Relationships • Relationship is an association among entities • David Kuijt teaches-in CSI 3120 • Relationship Set is a collection of relationships of the same type • FACULTY teach-in CLASSROOMs • Relationships may also have attributes • e.g., the relationship teach-in has an attribute “weekday” and another attribute “time” to store the day and time in which a given Entity of the set FACULTY teaches in a given Entity of the type CLASSROOM
Example Database Design (1) • Application: library database. Authors have written books about various subjects; different libraries in the system may carry these books. • Entities (with attributes in parentheses): • Authors (SS#, name, tel, birthdate) • Books (ISDN, title) • Subjects (sname) • Libraries (lname) • Relations [associating entities in square brackets]: • Wrote-on [Authors, Subjects] • Carry [Libraries, Subjects] • Index [Subjects, Books]
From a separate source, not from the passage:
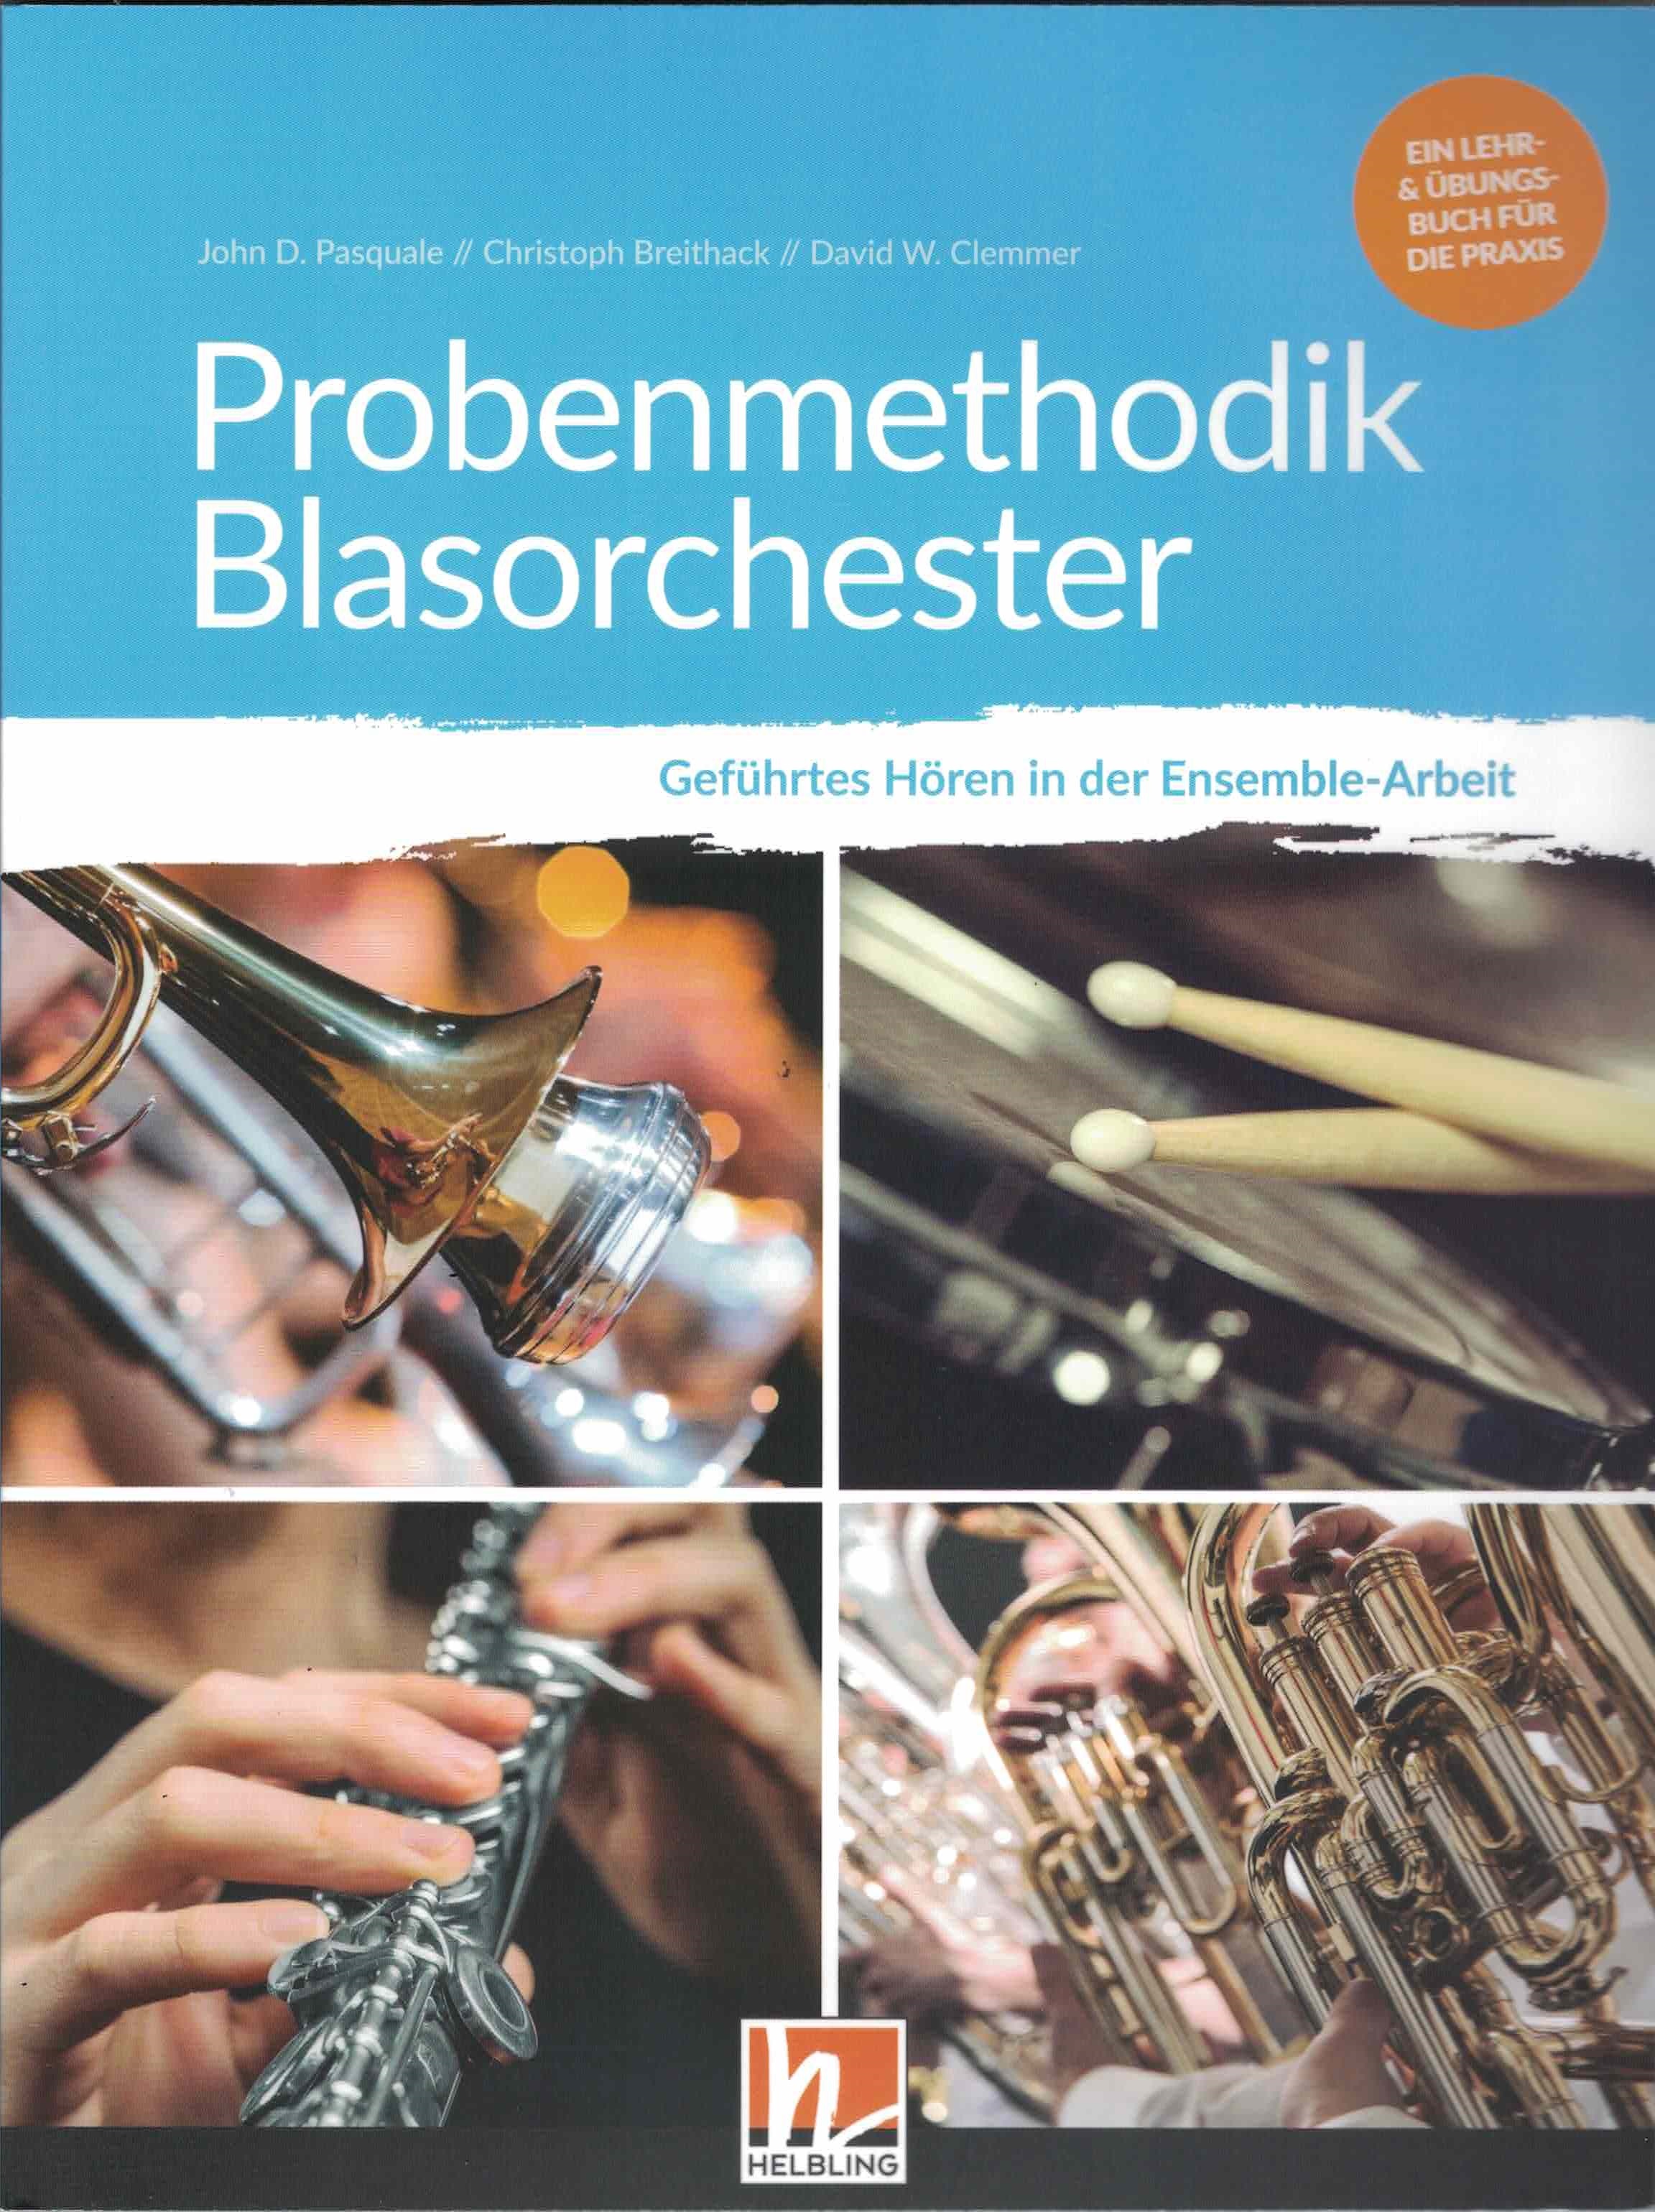 Probenmethodik Blasorchester, J.D. Pasquale, C, Breithack, D. W. Clemmer

Poor Initial Design • Our first design is a poor model of the real-world system we are examining. Problems in our first design: • no relationship associating authors and books • no relationship associating libraries and books • common queries will be complex and difficult: • Q: what libraries carry books by a given author? • Q: what books has a given author written? • Q: who is the author of a given book? • Q: how many copies of a given book exist at each library? • Q: what edition of a book does the library have?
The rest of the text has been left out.